▶ **TRY IT**:
Would you retype the whole listing verbatim, keeping pictures out of it?

▶ **DATA BLOCK**:
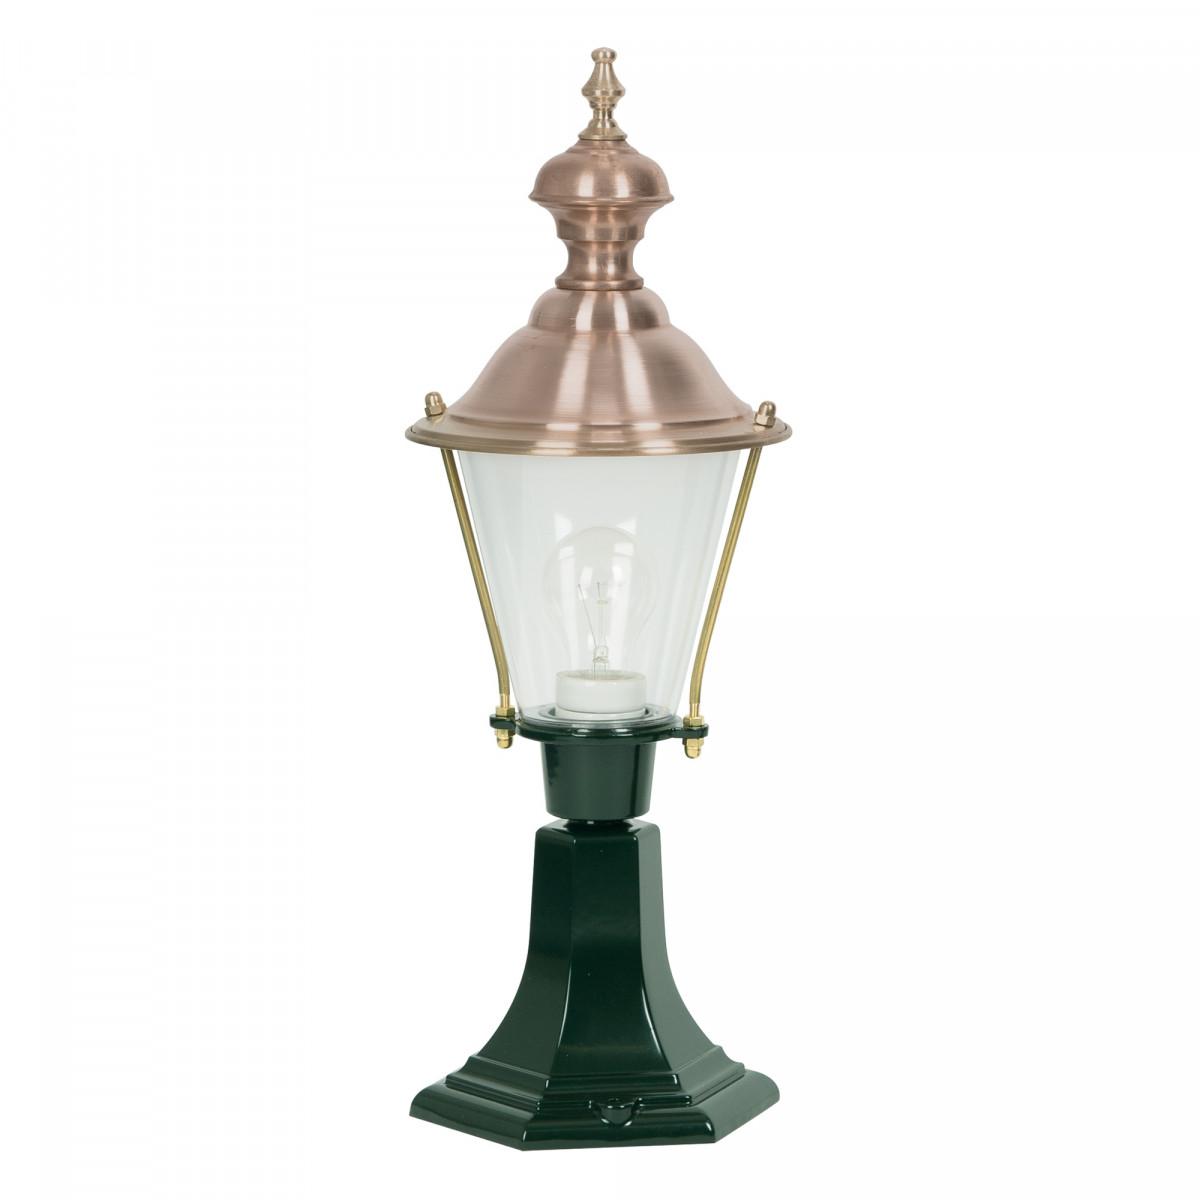 Kunststof glas M29 (5807) - KS Verlichting - Lampkappen & glazen
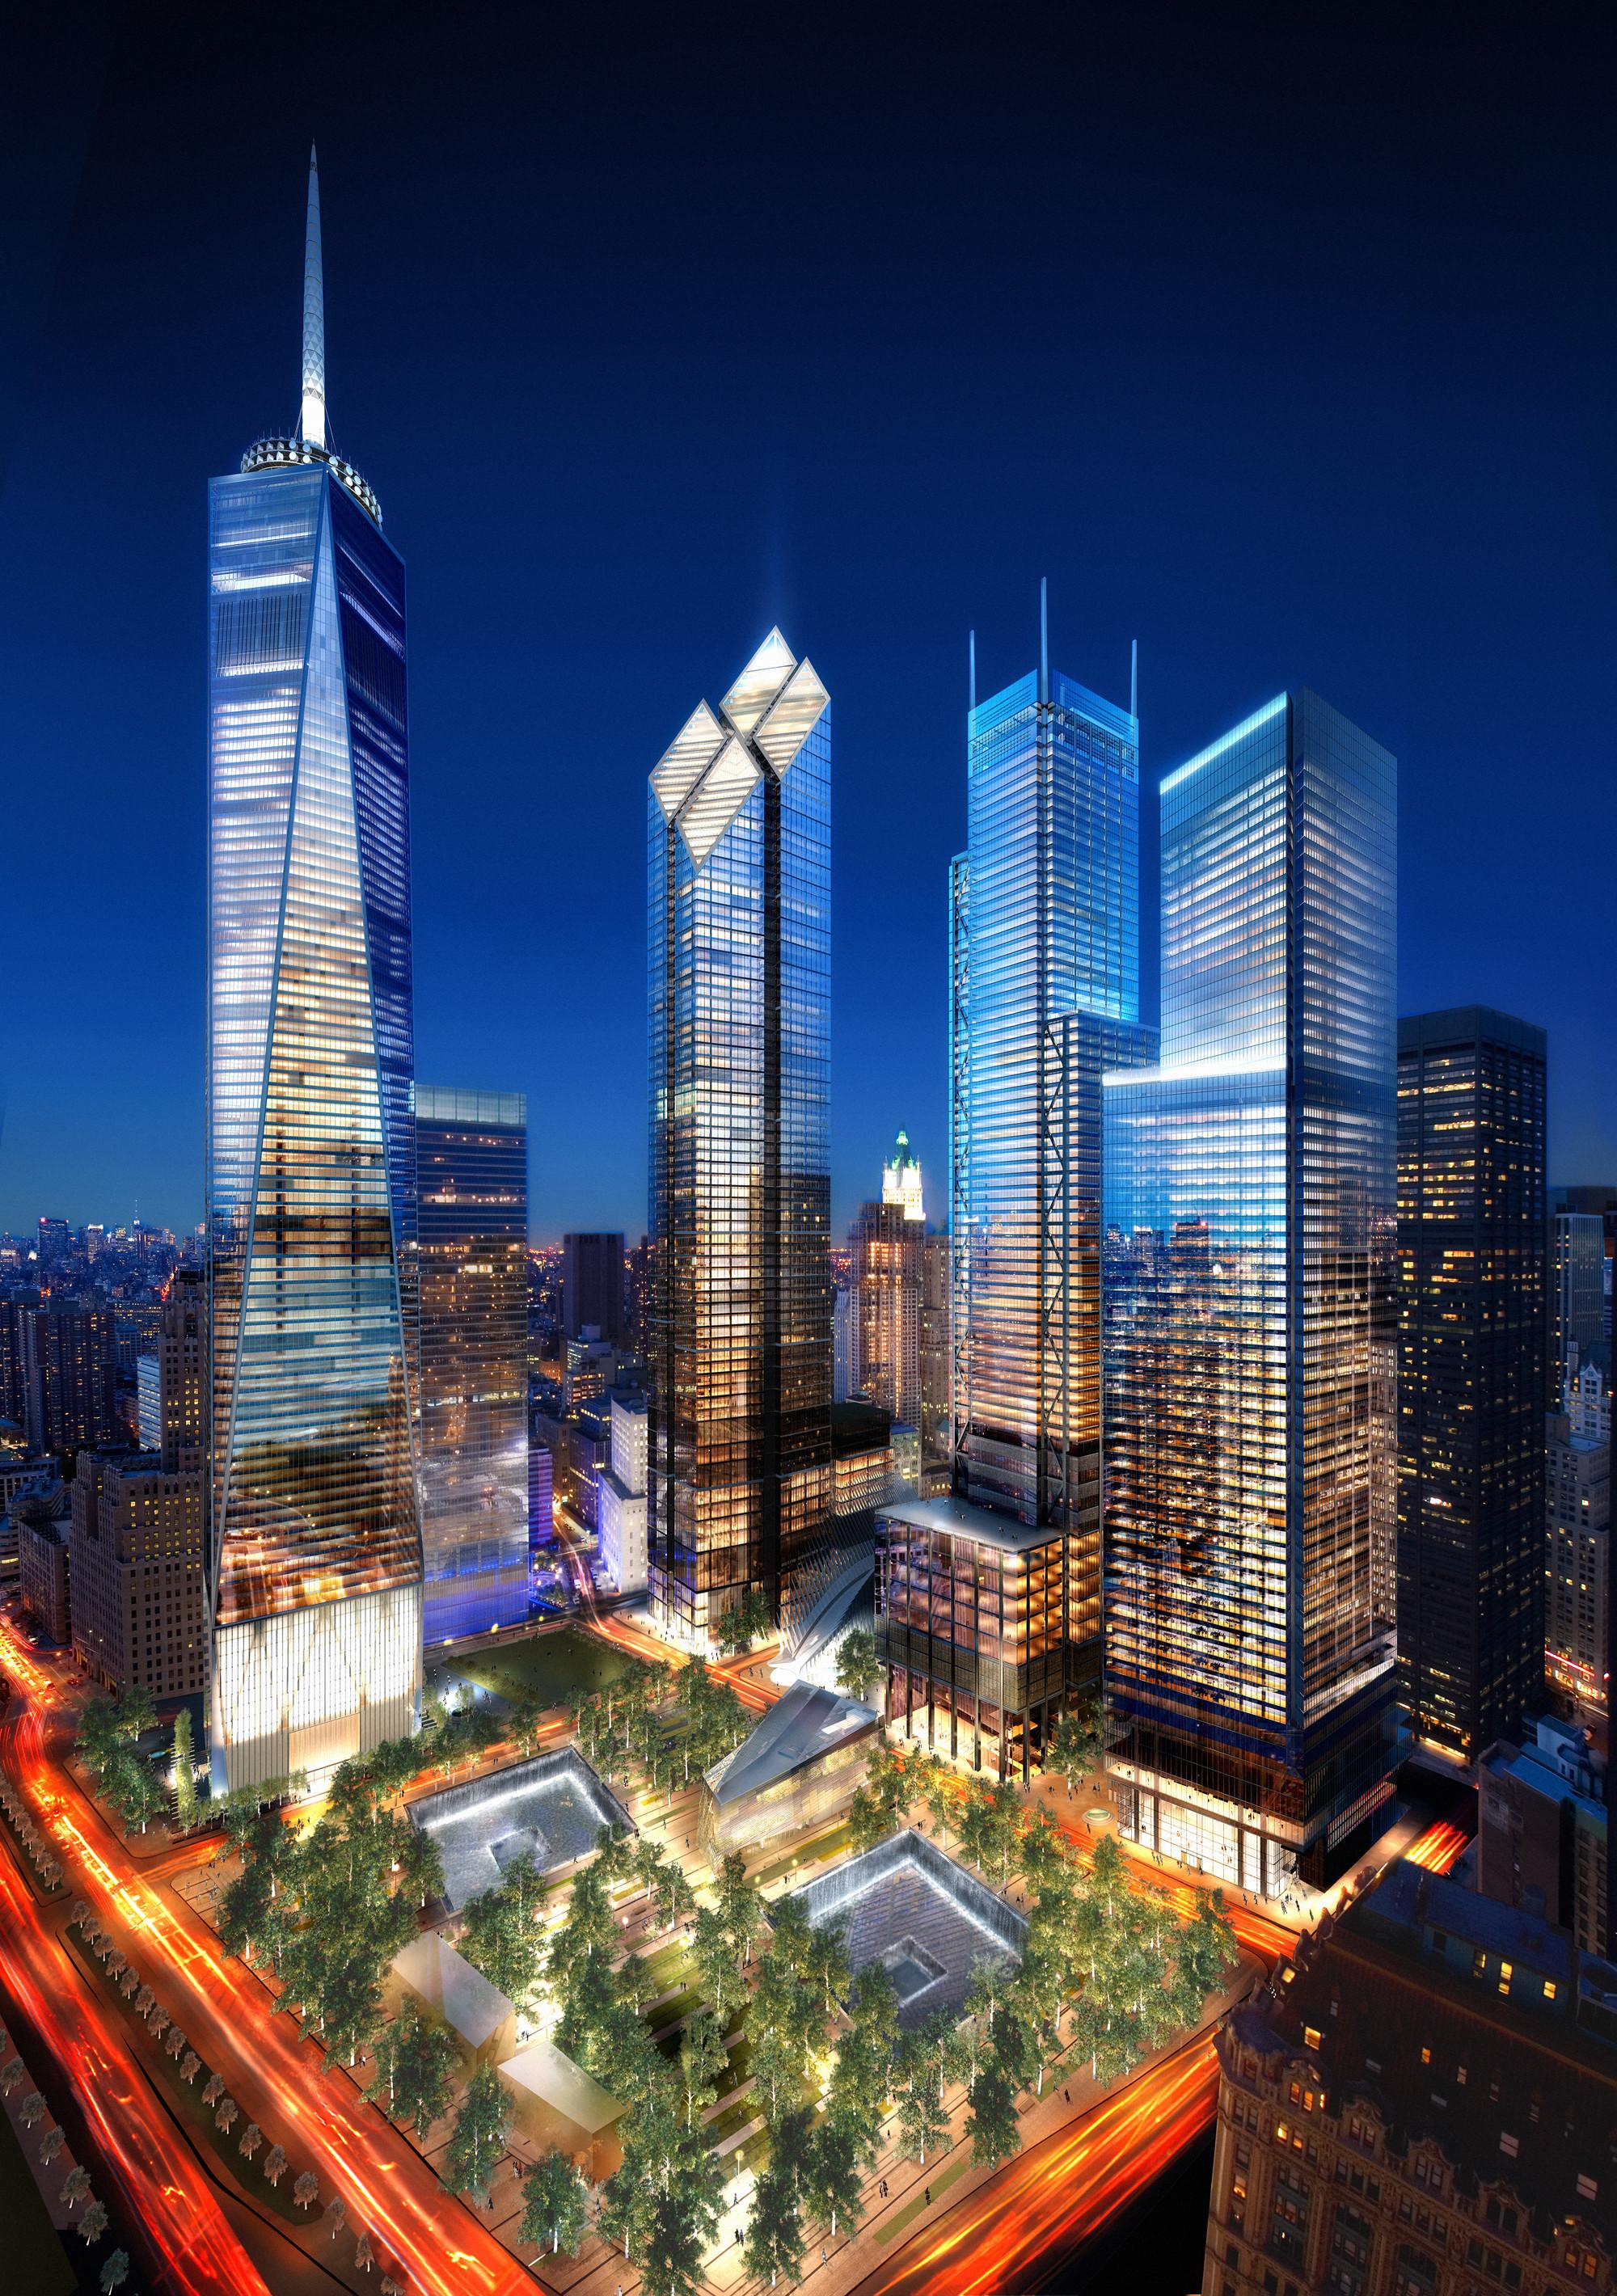 BIG rediseñaría torre originalmente propuesta por Foster + Partners para World Trade Center
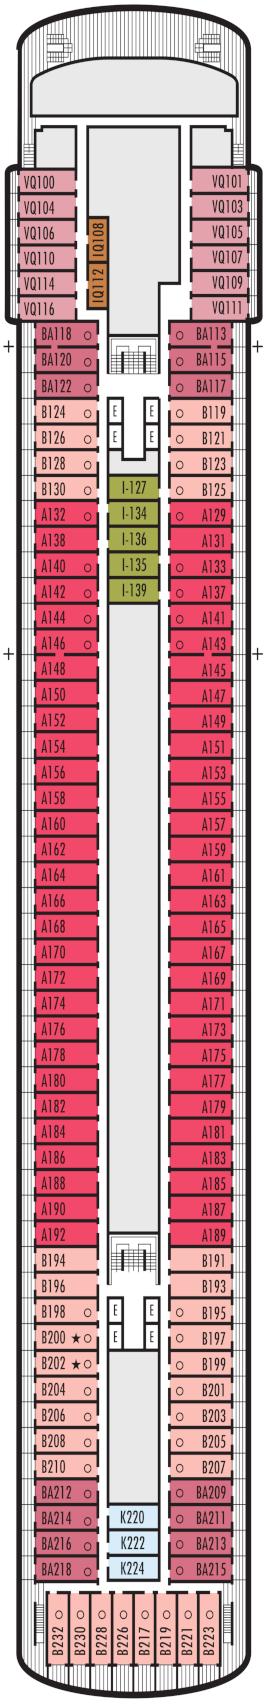 Veendam Verandah Deck Deck Plan
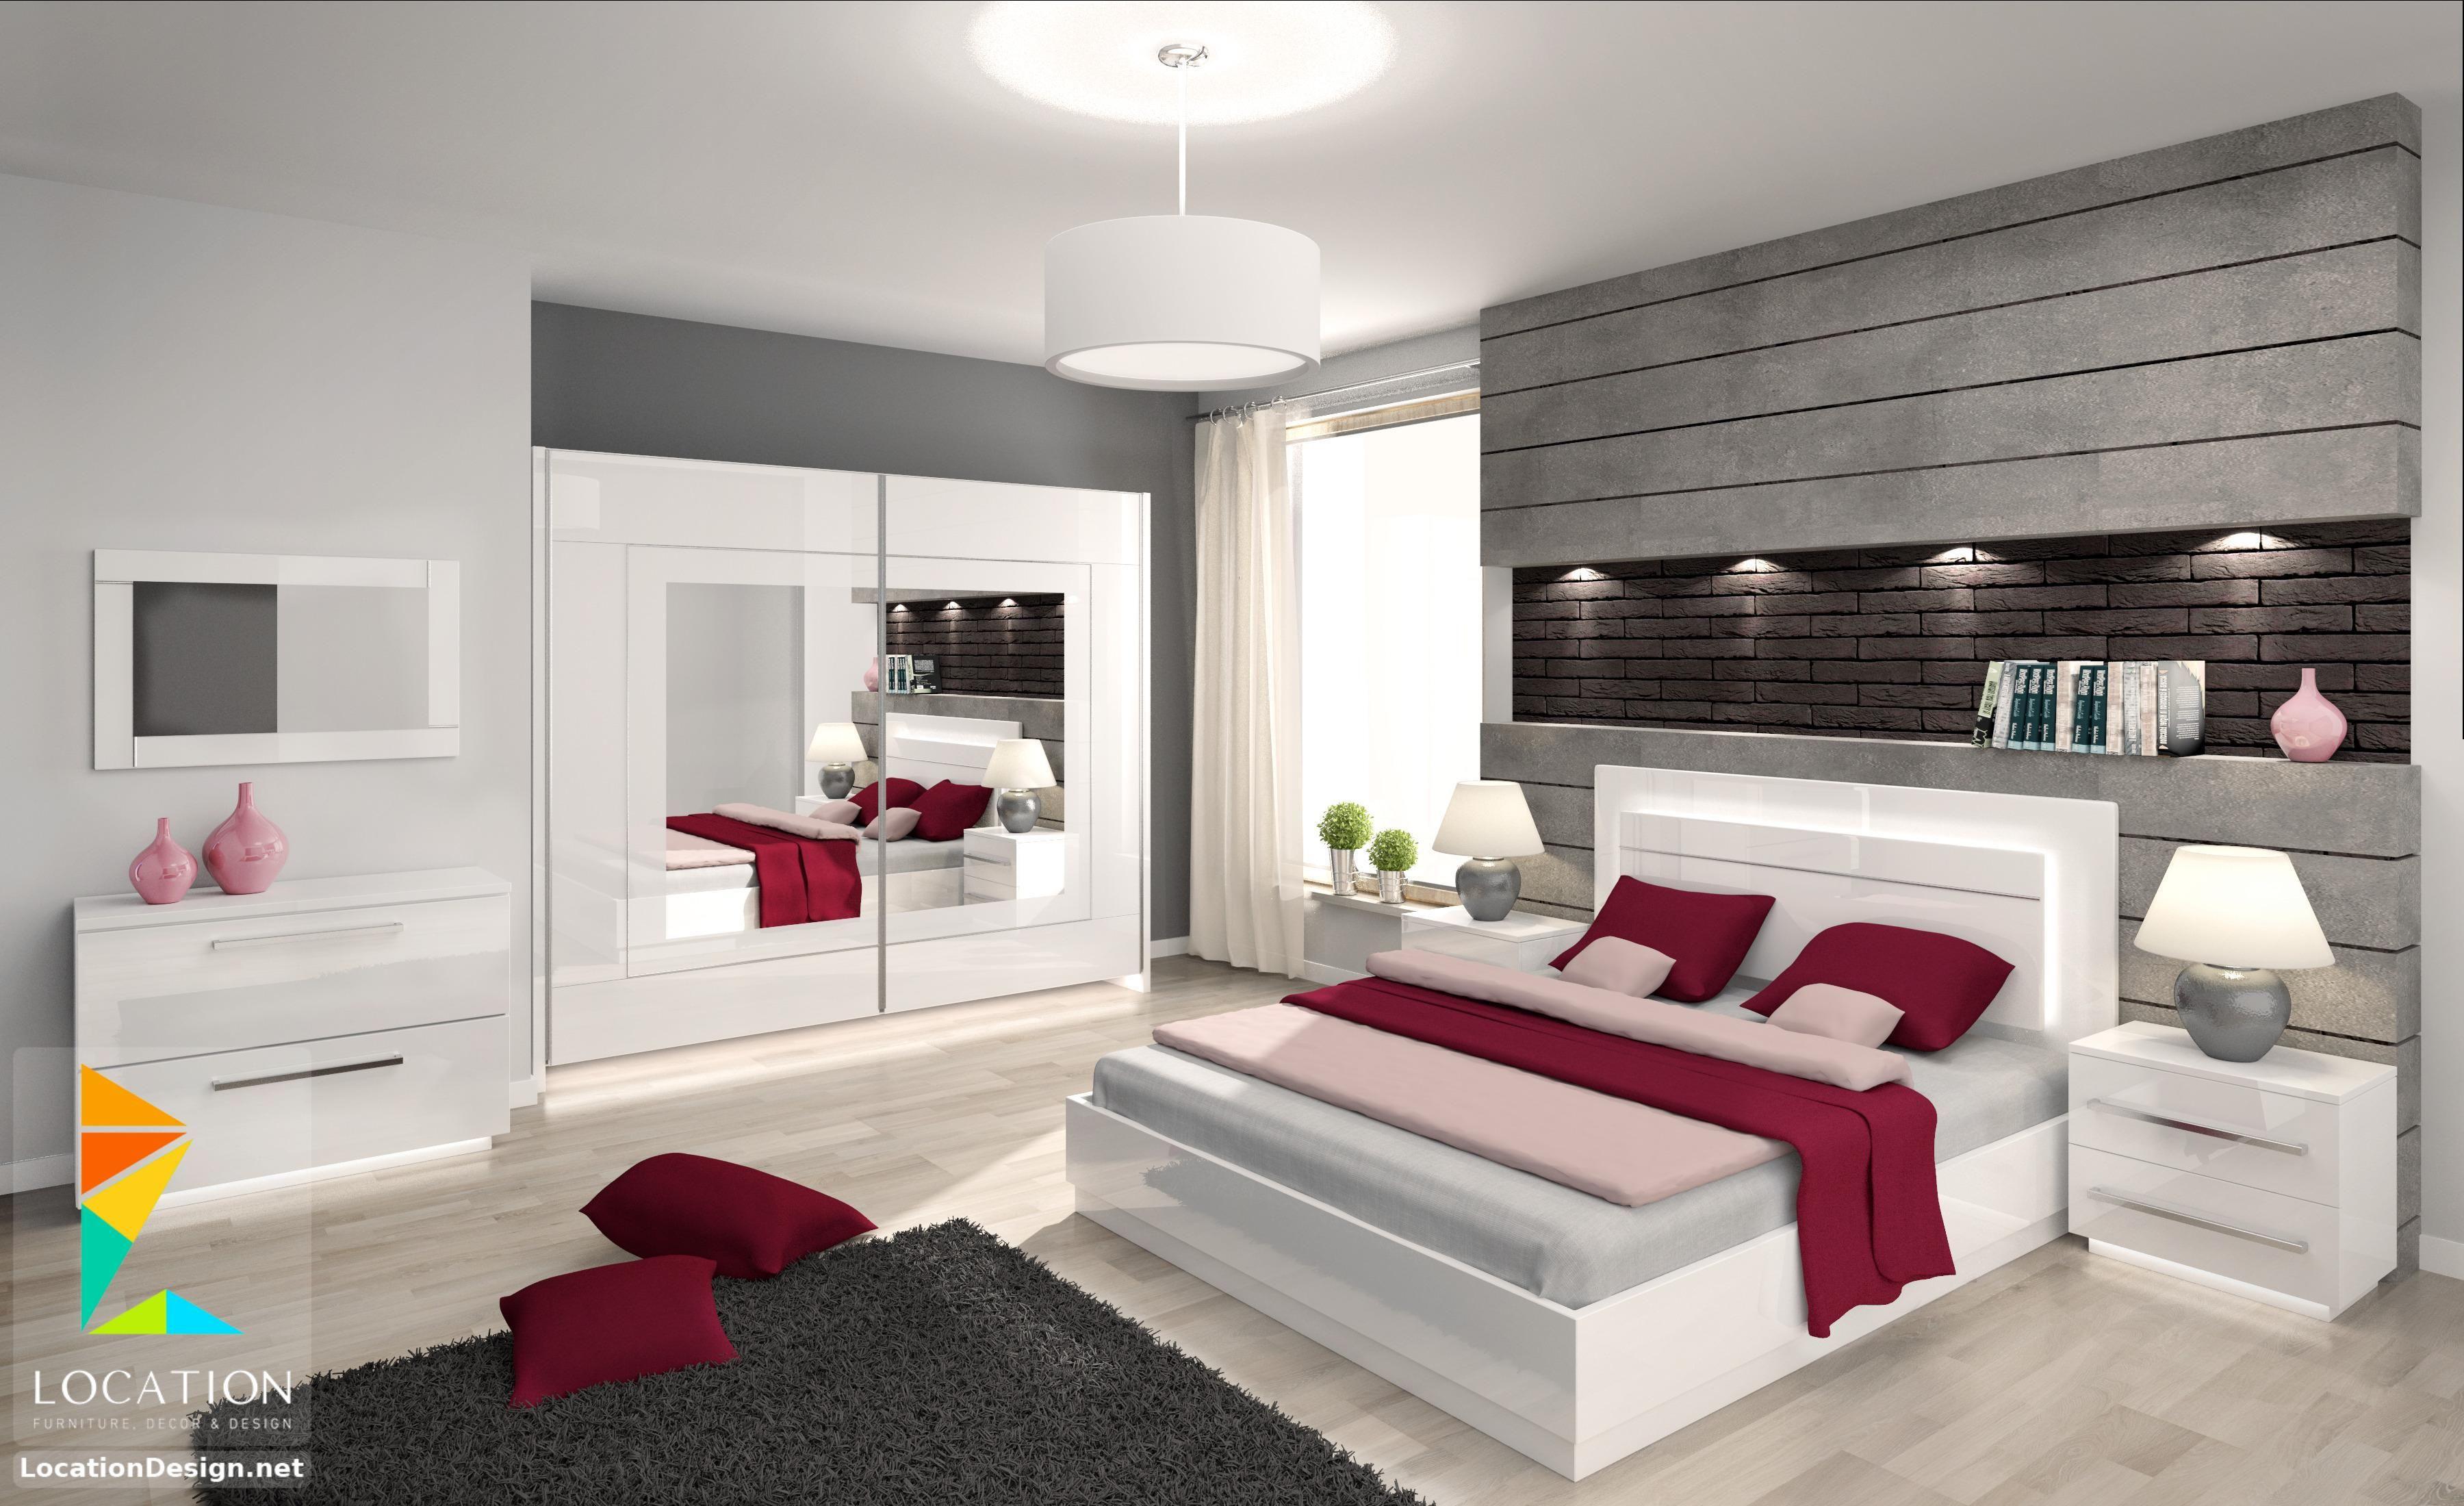 اشكال غرف نوم كاملة بالدولاب جرار 2019 2020 لوكشين ديزين نت Cheap Modern Furniture Bedroom Interior Bedroom

▶ **SOLUTION FOR THIS PROBLEM**:
 Kunststof glas M29 (5807) - KS Verlichting - Lampkappen & glazen
 BIG rediseñaría torre originalmente propuesta por Foster + Partners para World Trade Center
 Veendam Verandah Deck Deck Plan
 اشكال غرف نوم كاملة بالدولاب جرار 2019 2020 لوكشين ديزين نت Cheap Modern Furniture Bedroom Interior Bedroom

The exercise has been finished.